There is an enhanced penalty for identity theft committed against someone who is 65 years old or older at the time of the offense. The fine can be increased by one-and-a-half times and the imprisonment term can be increased by one-and-a-half times.

If a person is convicted, they will have direct consequences from the court. Long after the penalties from the court expire, when an individual has a conviction for identity theft on their record, it can have a negative impact on that individual’s future attempts to secure employment and participation in certain programs.

Considering Plea Deals

In any criminal case, when the government’s evidence is very strong, the person charged might consider taking a plea deal depending on the individual circumstances of their case, their background, and the punishment the government seeks. If the government seeks particularly harsh penalties even through a plea deal, it might be completely understandable for a person charged to have no interest in accepting that harsh penalty.

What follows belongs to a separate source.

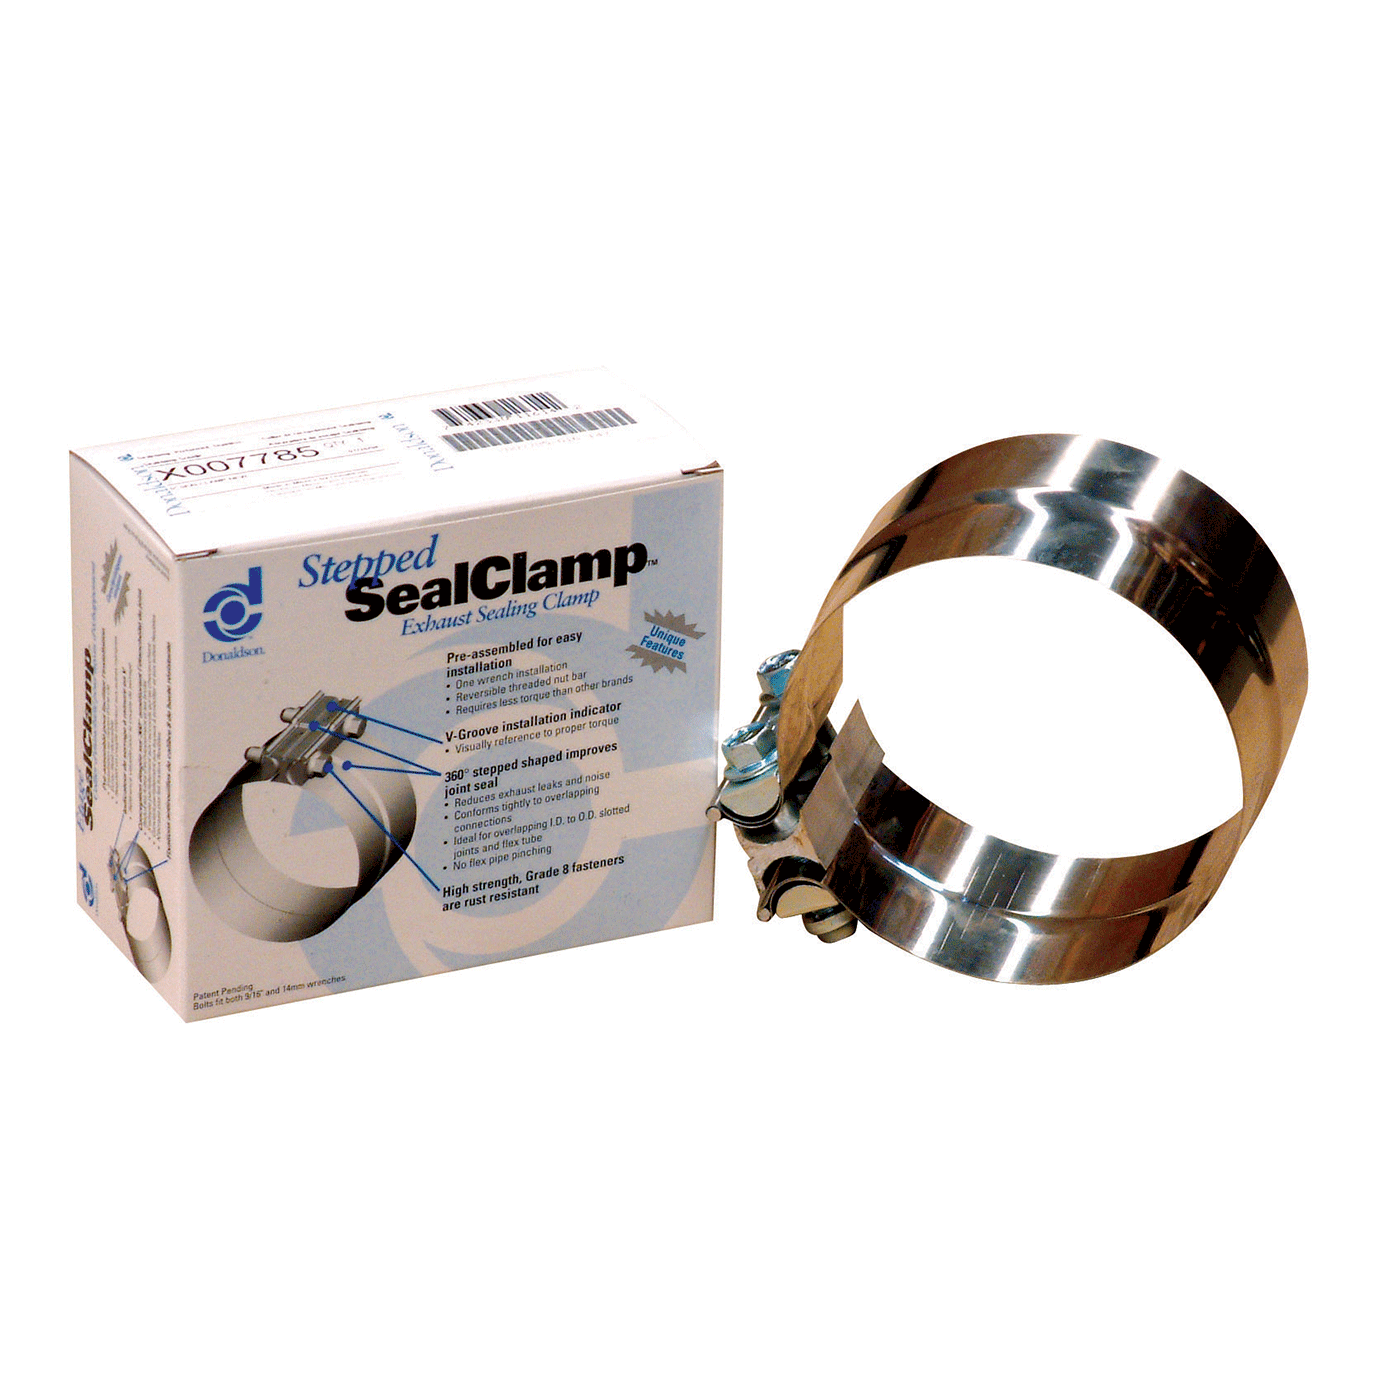 Clamp Stainless Steel 5"

When there is a strong case against the person, it may be in their best interest to try to negotiate the punishment or the negative ramifications because the government may have the incentive to do so. While the government has vast resources to prosecute cases, they do not have limitless resources. Any time they can reach a resolution in the case they are satisfied with, rather than going to the time and expense of a trial, they might be motivated to negotiate the punishment.

Contacting an Attorney

A person charged with penalties for identity theft in DC must be up front and honest with their attorney about what happened and what evidence there might be so the attorney can make an honest evaluation and assessment of the best strategy going forward.